A typical Brookstone or Seven Oaks entertaining deck we build now looks like this: Techo-Bloc Blu 60 Light Gray in the immediate pool band (106°F), Cambridge Ledgestone Champagne in the lounge zone (109°F), and a tan sandstone-blend modular paver with a seat-wall around the fire feature (114°F in direct sun, irrelevant at 7 p.m. when the fire pit is lit). The transition between zones uses a contrasting soldier course to make the change intentional rather than sloppy.

Compact backyard tan paver patio with round stone firepit, seat wall with column piers, and modern farmhouse home, Marietta GA
Tan sandstone-blend paver with seat wall and piers — warmer than gray, but placed in the shaded fire-zone where it works.

The Cobb County permit office at 1150 Powder Springs Street treats all three zones as a single pool-deck permit for plan-review purposes, which means the material spec has to be submitted as part of the deck drawings. We include surface-temp data in the permit package for full-sun Marietta jobs now — the reviewers have seen enough failing stamped-concrete decks in the inspection records that they appreciate the disclosure.

The Marietta Decision Framework

If you are choosing pavers for a full-sun Marietta pool deck in West Cobb, Walton Woods, Marietta Country Club, or an open-lot subdivision with no mature canopy, the decision tree is short. Techo-Bloc Blu 60 Light Gray or Cambridge Ledgestone Champagne are the two manufactured options that stay under the 118°F barefoot threshold; pick the one that matches your home’s palette. If budget allows and you plan to stay long-term, light travertine chiseled is the coolest surface on the market at 101°F and is worth the $26 to $38 per square foot on an Atlanta Country Club or Indian Hills build.

If your lot has mature East Cobb oak canopy in Sope Creek, Willeo Creek, or older parts of Indian Hills, you get a built-in 6-to-10-degree cushion from filtered sun, which widens your material options meaningfully.
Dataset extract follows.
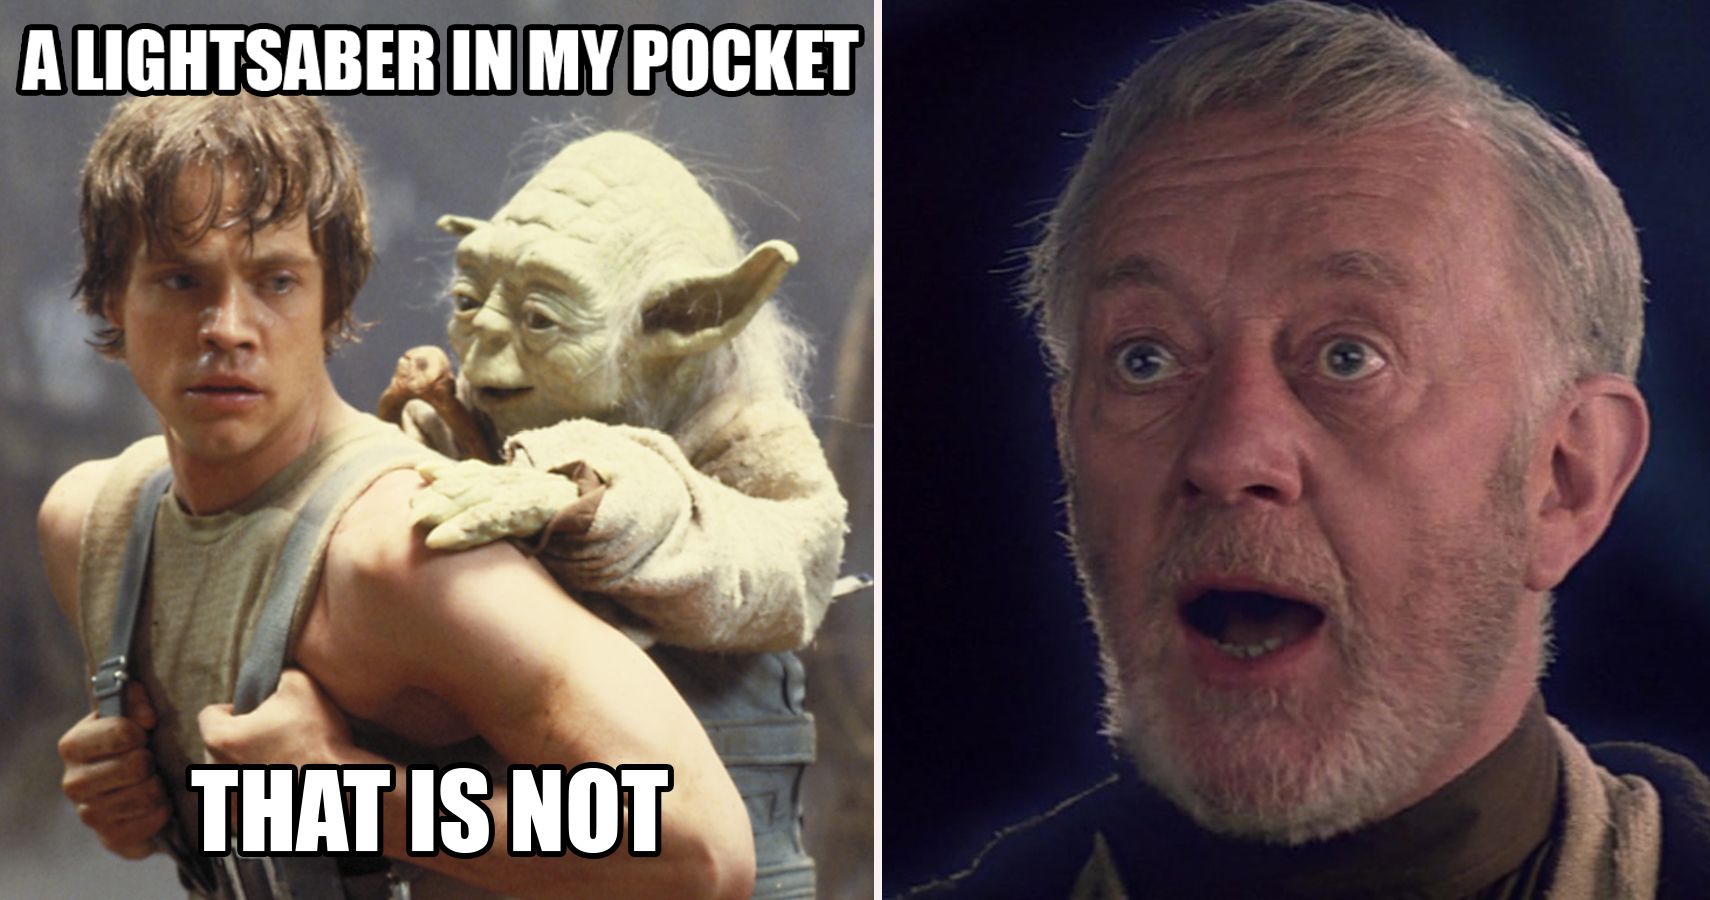 Star Wars Memes That Crossed The Line TheGamer

Tan-blend sandstone pavers, a warmer travertine, or even a lighter-gray Blu 60 in a Shale Gray color family — all viable where direct solar load is broken by canopy. Just verify the canopy actually shades the pool surround at 2 p.m. in July, not just at 10 a.m., because tree shadows move.
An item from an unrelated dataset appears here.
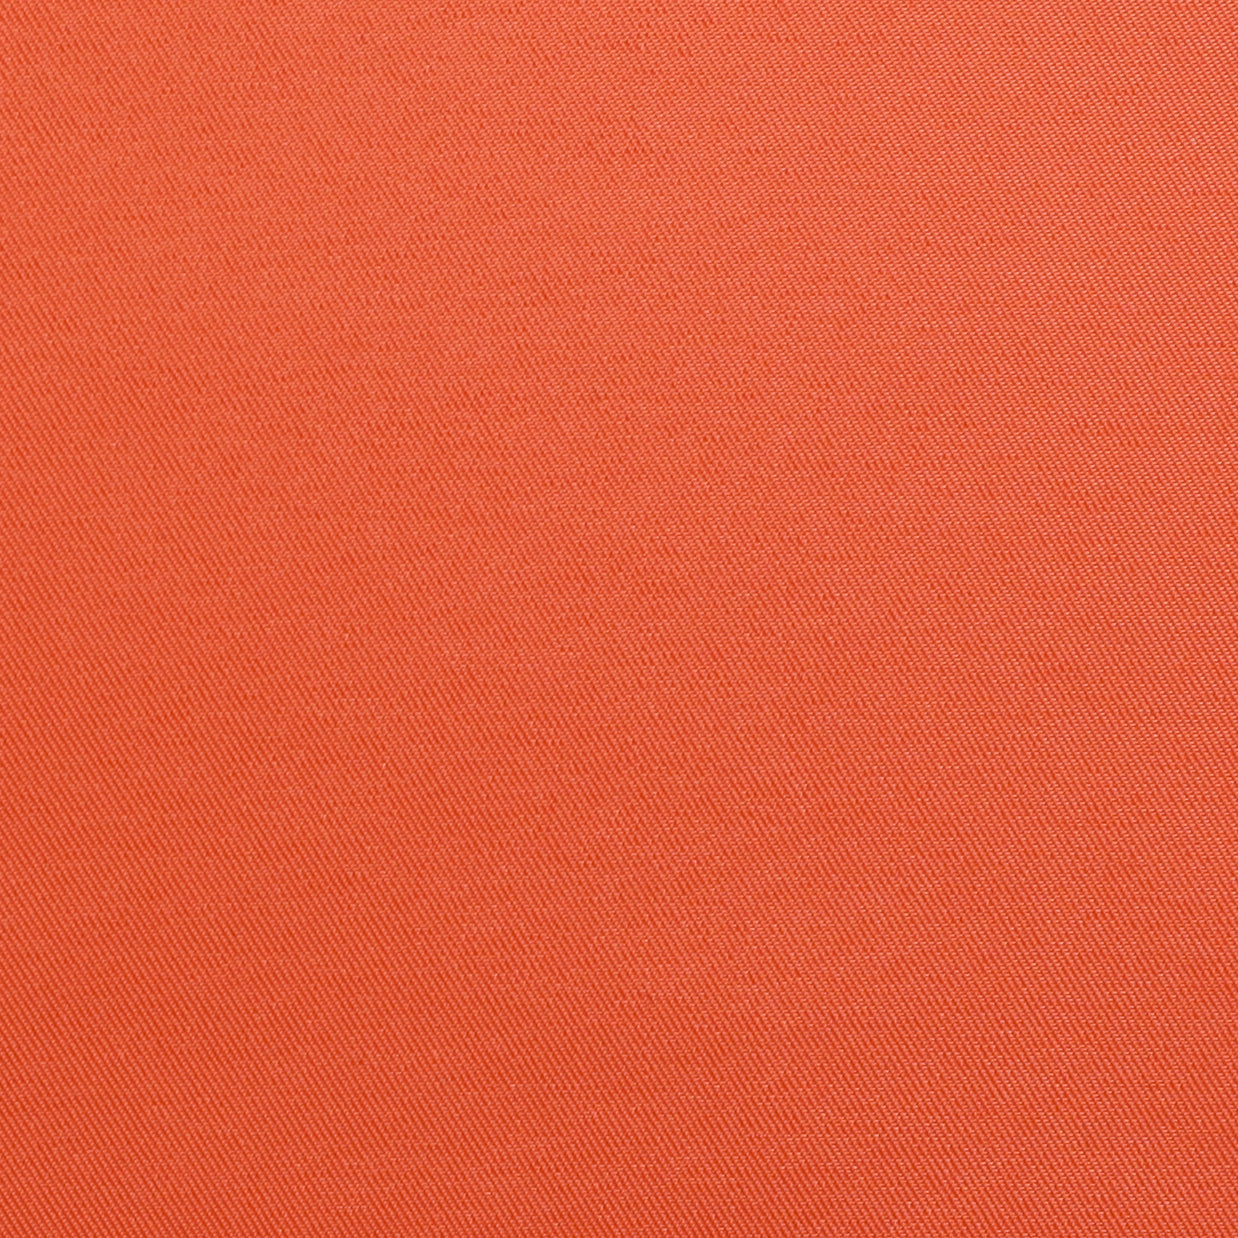 Lightweight Polyester Satin Twill in Rising Sun (Orange)

If you have an existing dark stamped-concrete deck and it is unused from June through September, the fix is a tear-out and paver overlay. A sealer-color refresh buys you 6 to 8 degrees and is not enough; a skim-coat overlay system is better but still rarely drops below threshold on a full-sun install. Committing to a proper paver replacement is the honest answer.

Cobb EMC vs. Georgia Power: Most of Marietta outside the incorporated city limits runs on Cobb EMC 240V residential service, distinct from Georgia Power elsewhere in Metro Atlanta. If your pool deck includes integrated paver lighting or an outdoor kitchen load, the electrical subcontractor needs to be familiar with Cobb EMC’s connection spec — not every Metro Atlanta pool electrician is.

Large gray-blend paver patio with round stone firepit, four Adirondack chairs, and modern farmhouse sunroom in Marietta GA
Gray-blend three-piece modular with charcoal soldier — the layout pattern we use when pool-side barefoot performance matters.

One final Marietta detail worth naming. The Piedmont red clay under most of Cobb County drains poorly compared to the sandy-loam pockets in eastern Marietta neighborhoods near the Chattahoochee. Any paver deck installation needs 6 to 8 inches of compacted crusher run sub-base with a geotextile separator above the native clay, full stop. Thinner base prep is how pavers heave in our winter freeze cycles and how the sand joints wash out in a 52-inch rainfall year. The deck surface choice matters — but so does what is underneath.